Your goal:
Repeat every line of the data exactly; the pictures stay out.

Dataset section:
- - - - -

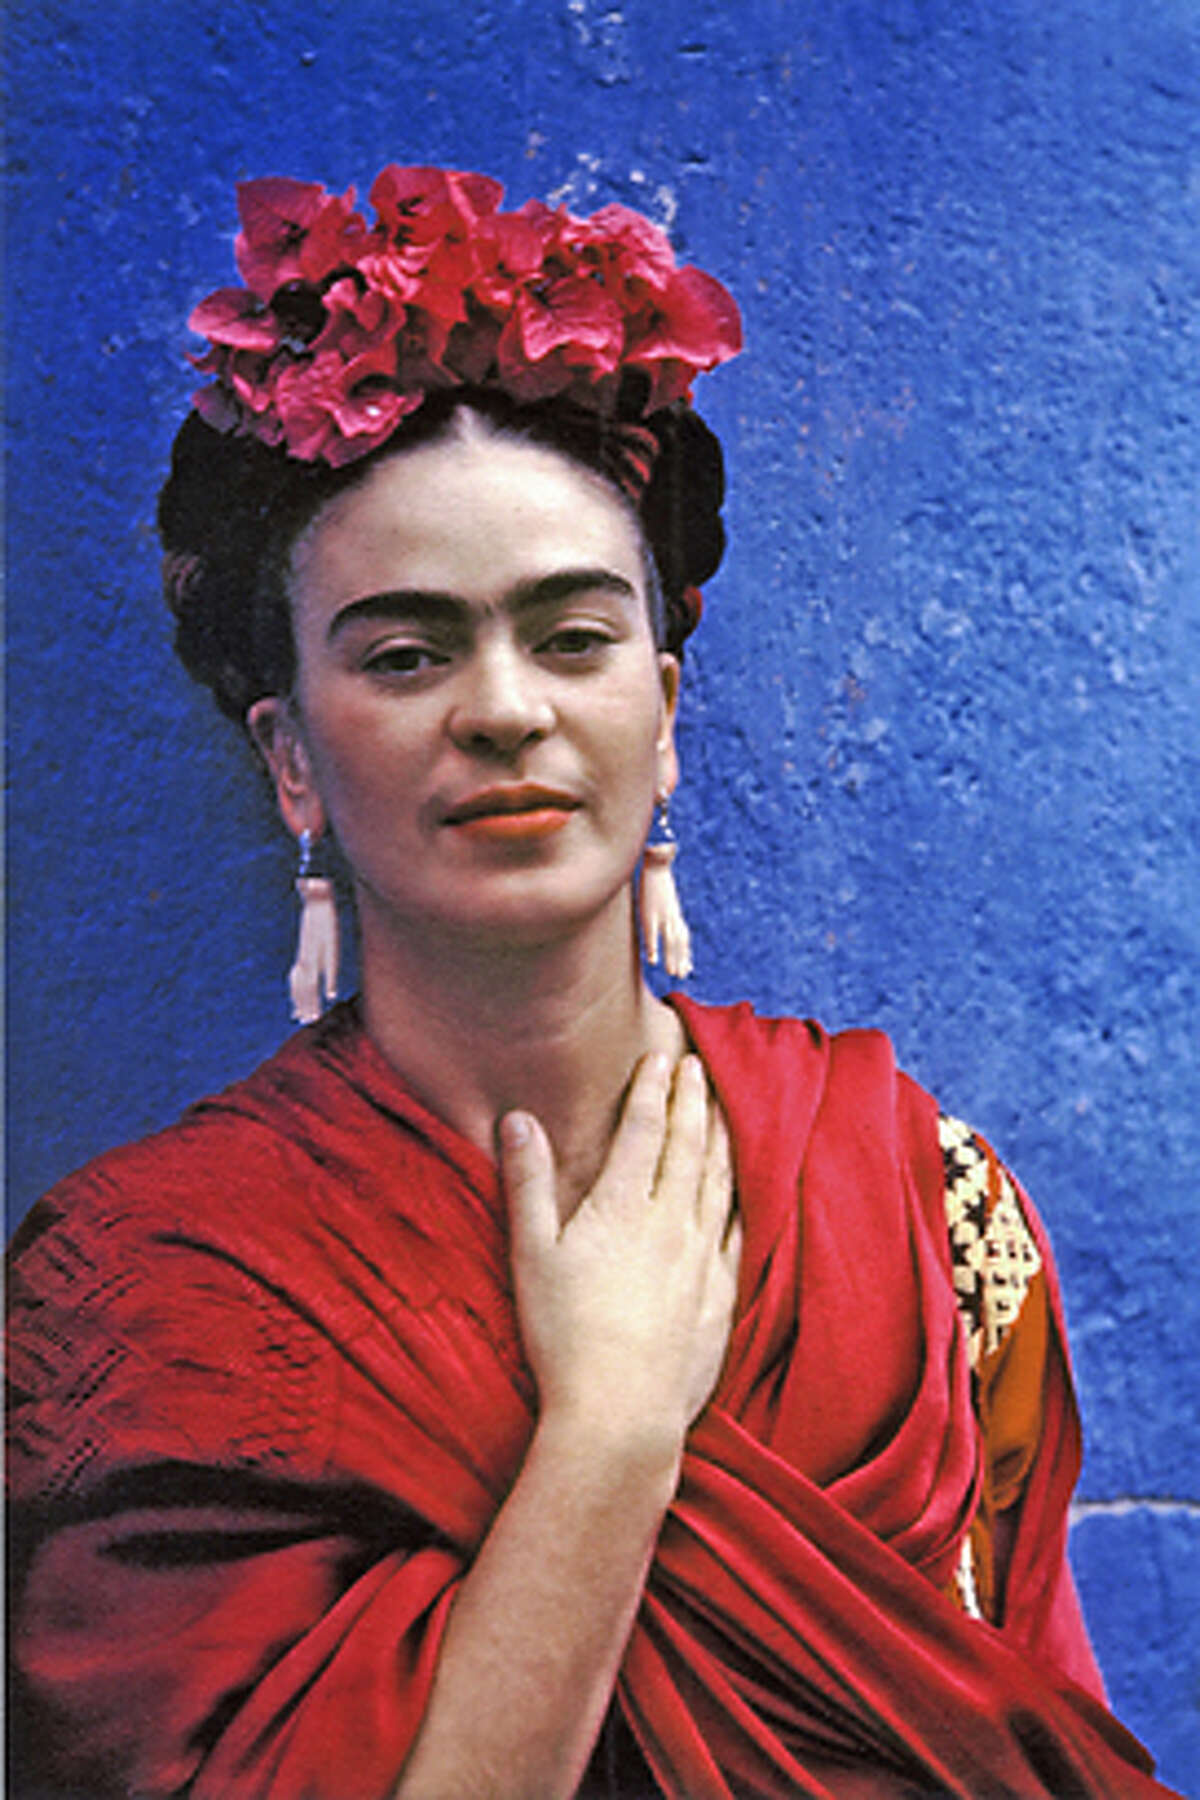 Documentary on Kahlo adds little of value
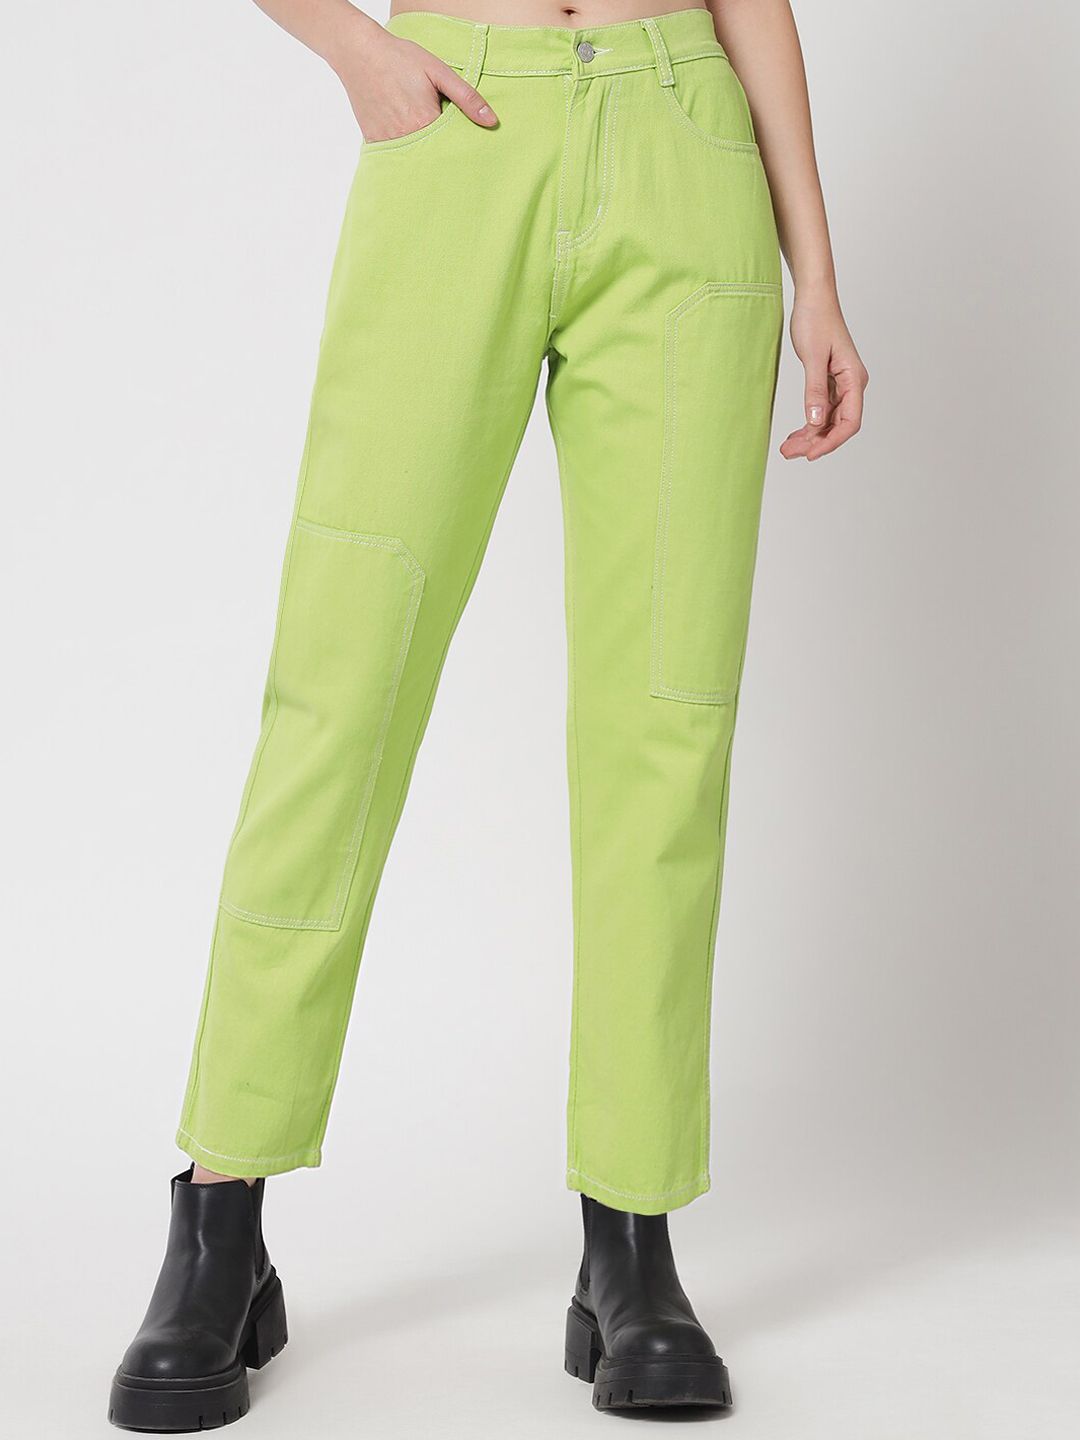 River Of Design Jeans Women Fluorescent Green Boyfriend Fit High-Rise Jeans Price in India
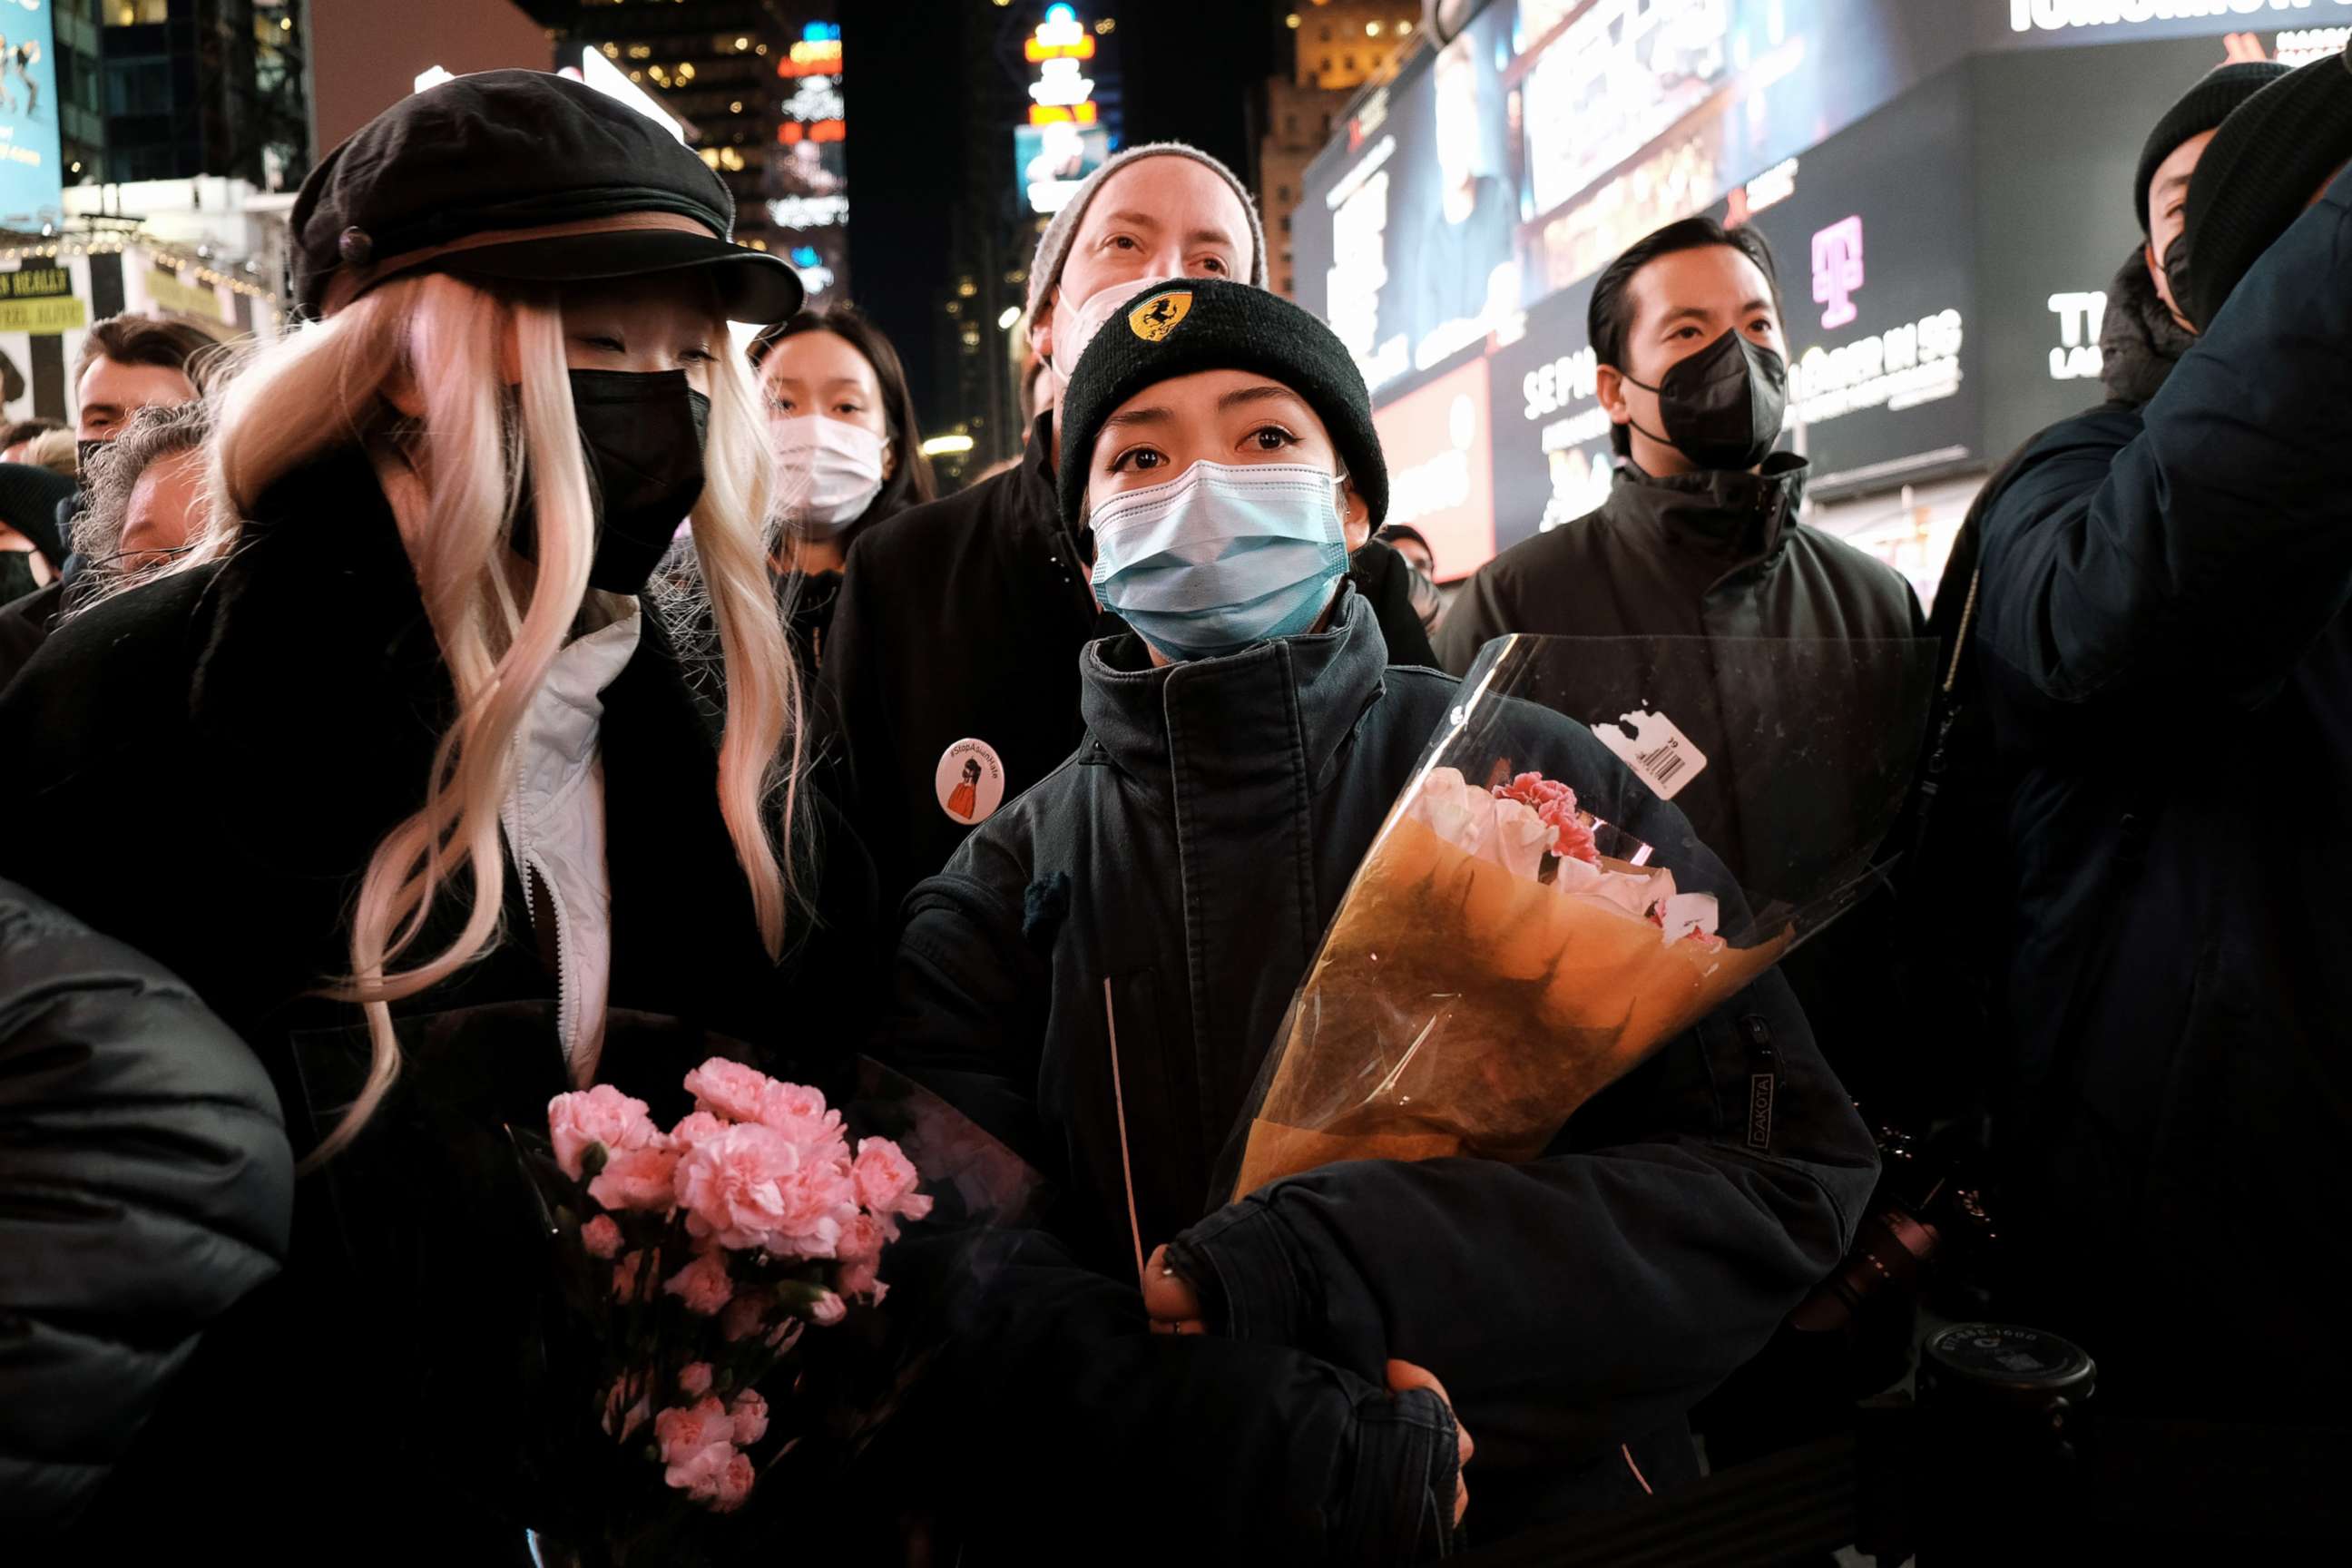 PHOTO: Local politicians, activists and members of the public attend an evening vigil for Michelle Go, who was killed on Jan. 18, 2022 in New York City. Go was pushed by a stranger in front of a train at the Times Square subway station.

- - - - -

Solution below:
 Documentary on Kahlo adds little of value
 River Of Design Jeans Women Fluorescent Green Boyfriend Fit High-Rise Jeans Price in India
 PHOTO: Local politicians, activists and members of the public attend an evening vigil for Michelle Go, who was killed on Jan. 18, 2022 in New York City. Go was pushed by a stranger in front of a train at the Times Square subway station.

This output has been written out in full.